A step-by-step guide on writing your first pre-commit hook
Most software is developed using the git version control system to update and distribute code. One challenge of writing code collaboratively is ensuring specific standards while each contributor has their style and opinion about what constitutes clean code.
pre-commit hooks are scripts or commands to execute automatically before committing code changes. They can enforce styling rules and catch errors before they’re committed and further distributed. Notable hooks include checking files for syntax errors, sorting imports, and normalizing quotation marks. They are an essential tool for any project, especially open-source ones with many contributors.
Why create custom pre-commit hooks?
I wanted to create pre-commit hooks to validate dataflow definitions for the Python library Hamilton, but I found most online resources scattered and limited to basic use.
In this post, you’ll find:
- How to start using pre-commit hooks in your project
- A step-by-step tutorial to develop custom pre-commit hooks
To ground the discussion, I’ll go through this GitHub repository containing the pre-commit hooks I developed for Hamilton.
Start using pre-commit hooks
Hooks are a mechanism built directly into the git version control system. You can find your project’s hooks under the .git/hooks directory (it might be hidden by default). Although they are colloquially called “pre-commit hooks”, git hooks cover the whole git lifecycle. For instance, you can have hooks trigger just after a commit or before a push. Also, hooks can be written in any programming language. Notably, the Ruff library reimplemented many Python-based hooks in Rust for performance improvement.

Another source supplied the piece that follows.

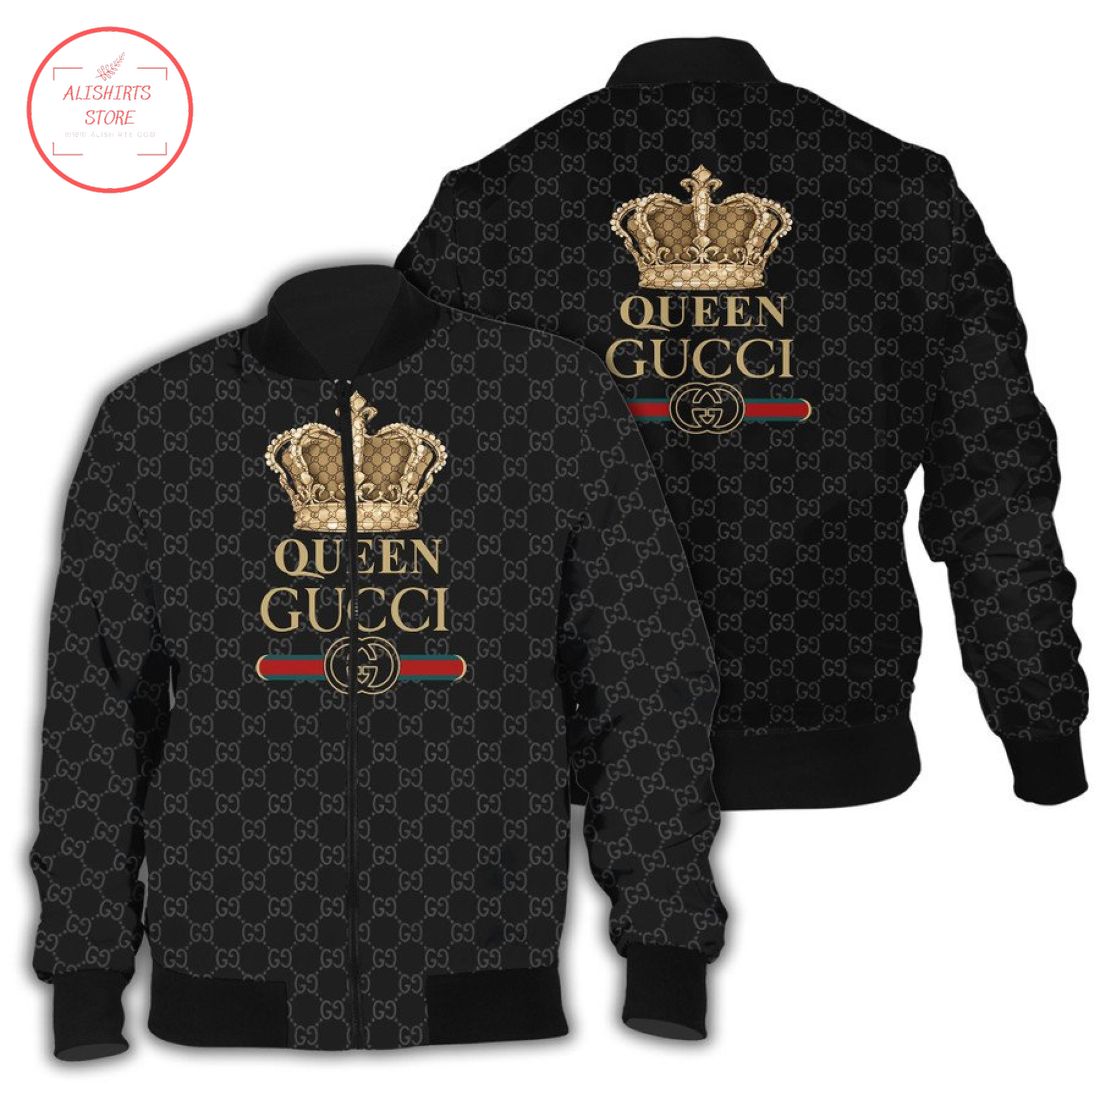 Gucci Queen Luxury Brand Pattern Bomber Jacket

Compared to software testing, which focuses on code behavior, you can think of hooks as lightweight checks you would do on each file save. While you can expect tests to change and evolve with your codebase, your code-writing guidelines and pre-commit hooks will likely be constant.
Project setup
Let’s pretend we’re starting a new Python project (or using an existing one) in the directory /my-project. The preferred way of working with pre-commit hooks is through the pre-commit Python library. We can set it up with the following steps:
- Create a git repository for your project with git init
- Install the pre-commit library with pip install pre-commit
- Add a .pre-commit-config.yaml to your repository. Here’s an example:
# .pre-commit-config.yaml
repos:
# repository with hook definitions
- repo: https://github.com/pre-commit/pre-commit-hooks
rev: v2.3.0 # release version of the repo
hooks: # list of hooks from the repo to include in this project
- id: end-of-file-fixer
- id: trailing-whitespace
- id: check-yaml
args: ['--unsafe'] # add arguments to `check-yaml`
# download another repository with hooks
- repo: https://github.com/psf/black
rev: 22.10.0
hooks:
- id: black
4. Install the hooks with pre-commit install. It will read instructions from .pre-commit-config.yaml and install hooks locally under .git/hooks/pre-commit
5. Make a commit or manually run hooks with pre-commit run –all-files to trigger the hooks
Create a custom pre-commit hook
Community-maintained hooks provide flexibility and can be tailored to meet your preferred coding guidelines. They should meet your needs 98% of the time. However, off-the-shelf solutions don’t know about the specific tools you’re using or your team’s internal conventions. For example, you might want to validate internal configurations or enforce a directory structure for your projects.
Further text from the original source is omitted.